Forgotten History: the Union Station Massacre

Before I went out to Kansas City for Worldcon this year, I read up on the city and its history, and became fascinated by an event known as the Union Station Massacre. This shootout, on June 17, 1933, was the high-publicity rollout of the bank robbing, kidnapping, and mayhem that roiled the Midwest until the end of 1934. The marquee stars included John Dillinger, Bonnie and Clyde, the Barkers, Baby Face Nelson, and Pretty Boy Floyd.

In fact, almost all the mythic actions of these celebrity criminals fall into these couple of years. Dillinger's first bank robbery was four days after the Massacre, on June 21, 1933, and he was dead by July 22, 1934. Bonnie Parker and Clyde Barrow met in 1930, but Clyde didn't start killing people until 1932. They were killed on May 23, 1934. Romantic hero Floyd was killed on October 22, 1934, the twitchy killer Nelson on November 27 of that year, and poor clueless Ma Barker and her son Fred on January 16, 1935. The only high-profile freelance Public Enemy left was the sinister sociopath Alvin Karpis (aka "Old Creepy"), the last member of the Barker gang, and he was arrested on May 1, 1936, after a long period on the run.

But, aside from Pretty Boy Floyd (and this is debated, part of what makes the story interesting), none of these were involved at Union Station. So what happened? What made the morning end with four dead cops in the parking lot in front of Union Station, Kansas City?
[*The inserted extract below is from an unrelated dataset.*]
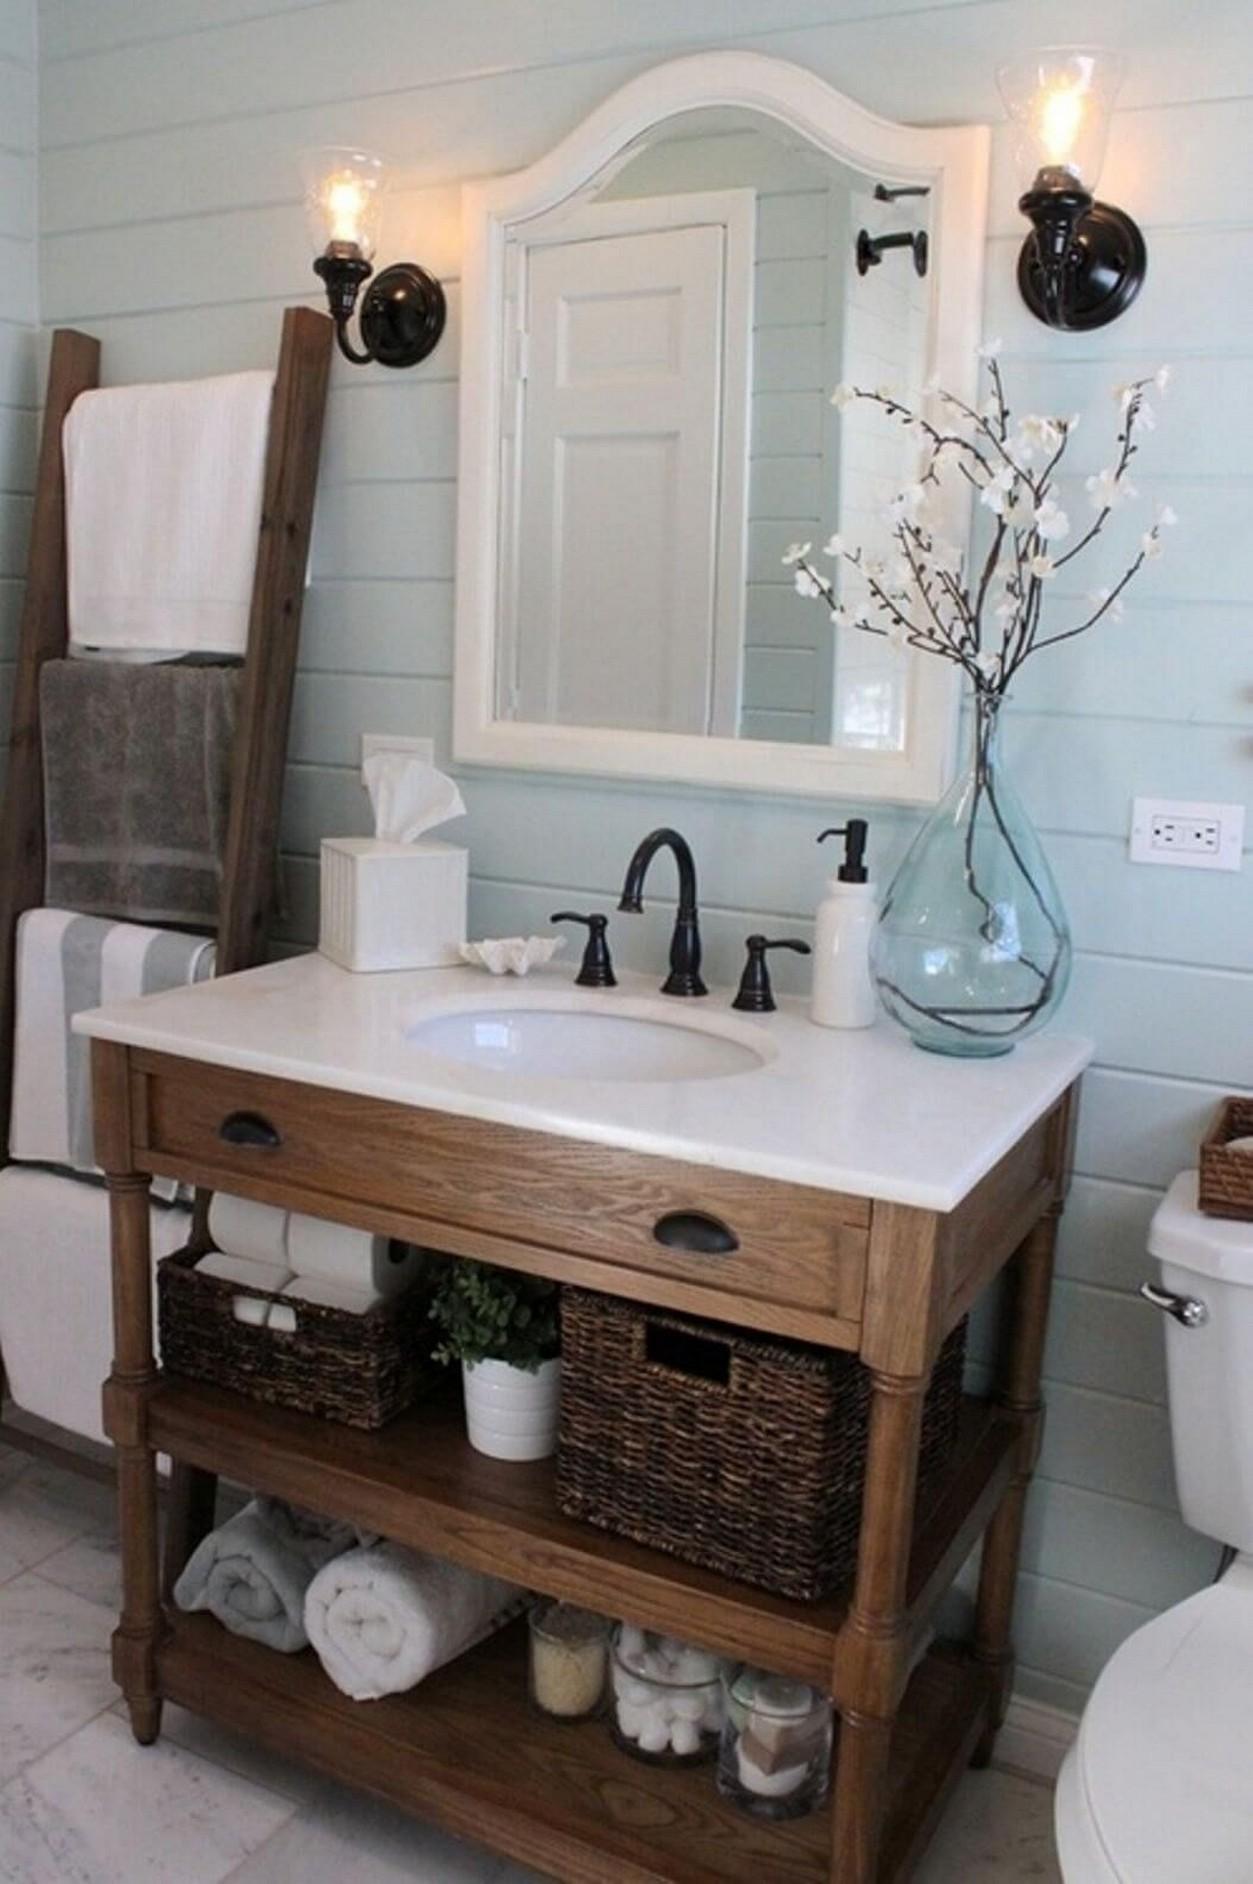 83 Modern Bathroom Design Some Tips Home Decor 26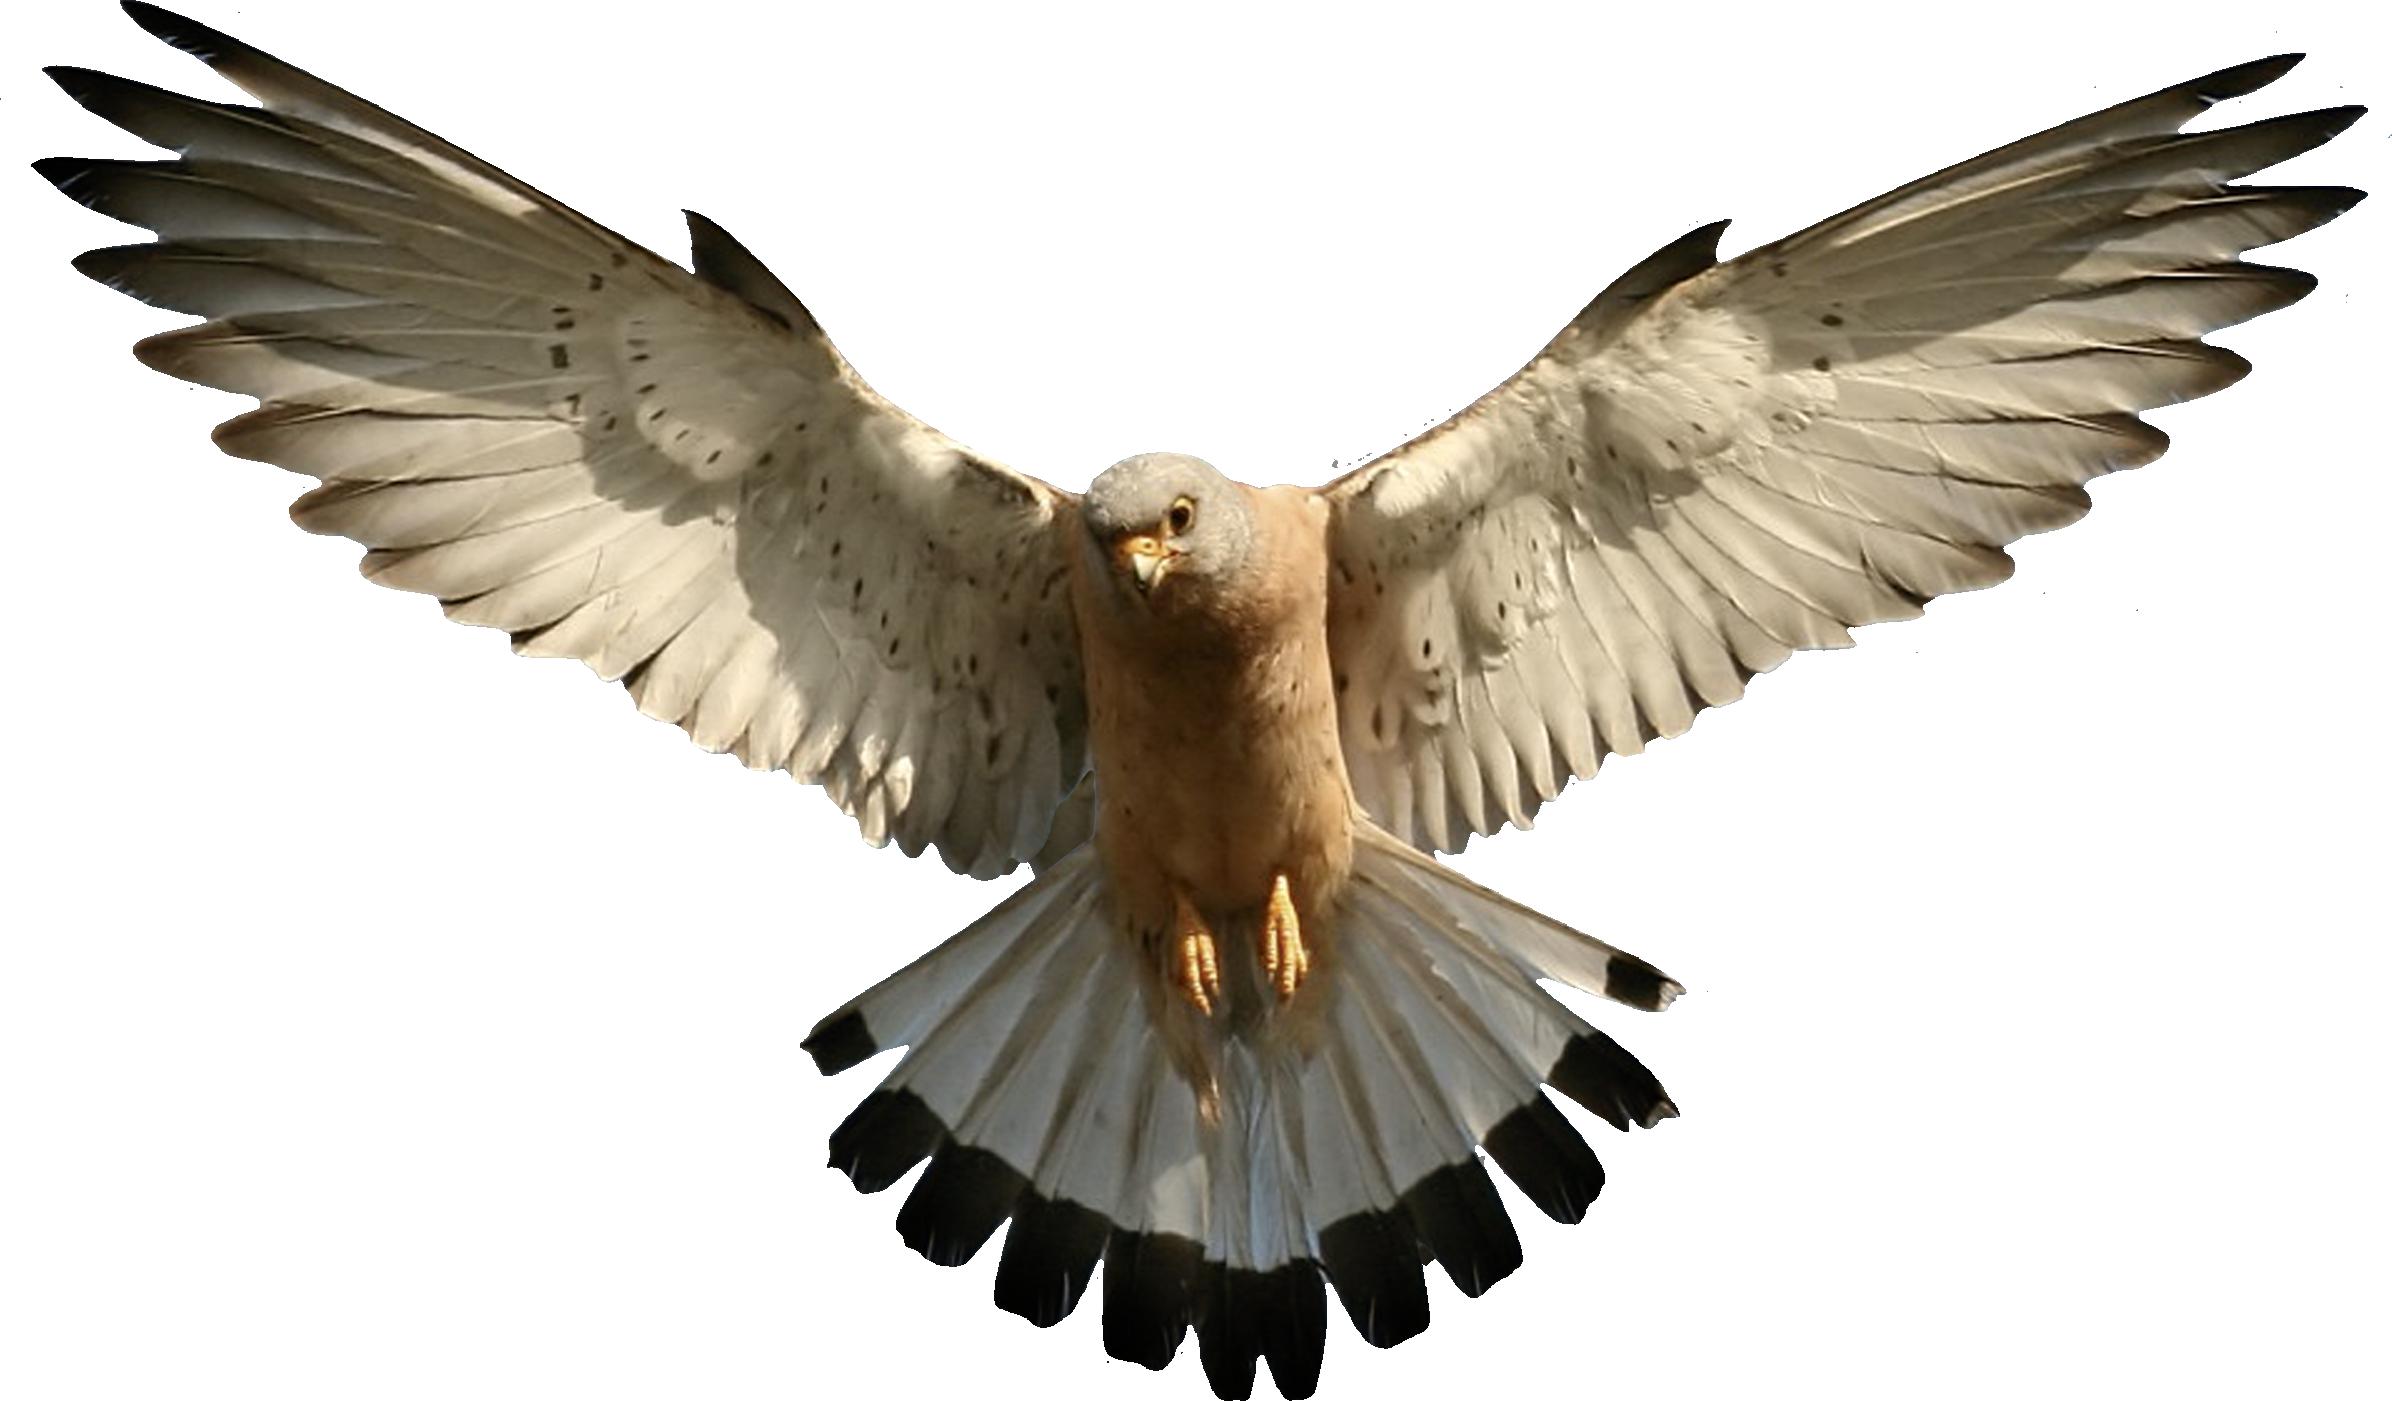 Eagle PNG image, free download

A cop and a couple of federal agents (not yet called FBI) went to Hot Springs, Arkasas and kidnapped a known escaped bank robber named Frank Nash. They had to "kidnap" him because enforcing laws across state lines was incredibly difficult at that time, and Hot Springs was a completely criminal enterprise, a kind of gangster Riviera, and they knew they would be prevented if they went through channels. They got on a train the Union Station and called some locals to help them transfer their prisoner from the train to a car and thence to Leavenworth.

But the word got out, and three criminal associates of Nash decided to rescue him, with tommy guns. The result was a shootout that left four cops, both local and federal, dead, along with Nash, and two wounded. The shooters fled.

To show how different things were back then, locals picked up and pocketed the bullets and other detritus of the shootout as souvenirs, while newspaper reporters rearranged the dead bodies to make better photos, getting blood on their pants cuffs. Crime scenes seem to have been complete free-for-alls at this time. Remember, when the airship Shenandoah crashed in southern Ohio in 1925, thousands of locals came and looted the wreckage (though that they also looted the dead bodies of the crew seems to be untrue).

Coming only two days after the high-profile kidnapping of William Hamm, president of the brewery, by the Barkers and Karpis, in St. Paul, Minn,  this really made people see the country as in the grip of a wave of crime--and they weren't wrong. The homicide rate peaked at nearly 10 per 100,000 population in the early 1930s, a rate it would not reach again until the high-crime 1970s and 80s.

This is when J. Edgar Hoover professionalized what would become the FBI--and brilliantly managed its PR, turning it from a bunch of bureaucrats to a professional national police force, and the heroic agency of movies and TV. The Massacre not only kicked off the crime wave, it kicked off Hoover's career.

One of the shooters was a former sheriff named Vern Miller. After he escaped from an ambush at a Chicago apartment building, he vanished, to turn up dead in a ditch near Detroit, presumably the victim of competing criminals. But the other two? Oddly, their identification was never completely clear, even though the shootout took place in a crowded train station in mid-morning of a business day. Pretty Boy Floyd was strongly implicated, but refused to admit culpability as he lay dying of a belly wound in an Ohio cornfield. A man named Adam Richetti was eventually executed for his participation, but whether he was even there that day is hotly disputed.

I had never heard of this event before deciding to go to Kansas City, but am now a big fan. I visited the station a couple of times to see where it happened, and examined what is claimed to be a bullet chip in the front of the station (well, maybe....though it's probably just a random chip).

All the photos of the aftermath show the station parking lot with the bullet-riddled vehicle. I thought they faced city streets and buildings. Instead, turning in the other direction shows you the impressive World War One Memorial, with its Art Deco tower and veiled sphinxes, opened in 1926. It's a dramatic setting for a dramatic crime.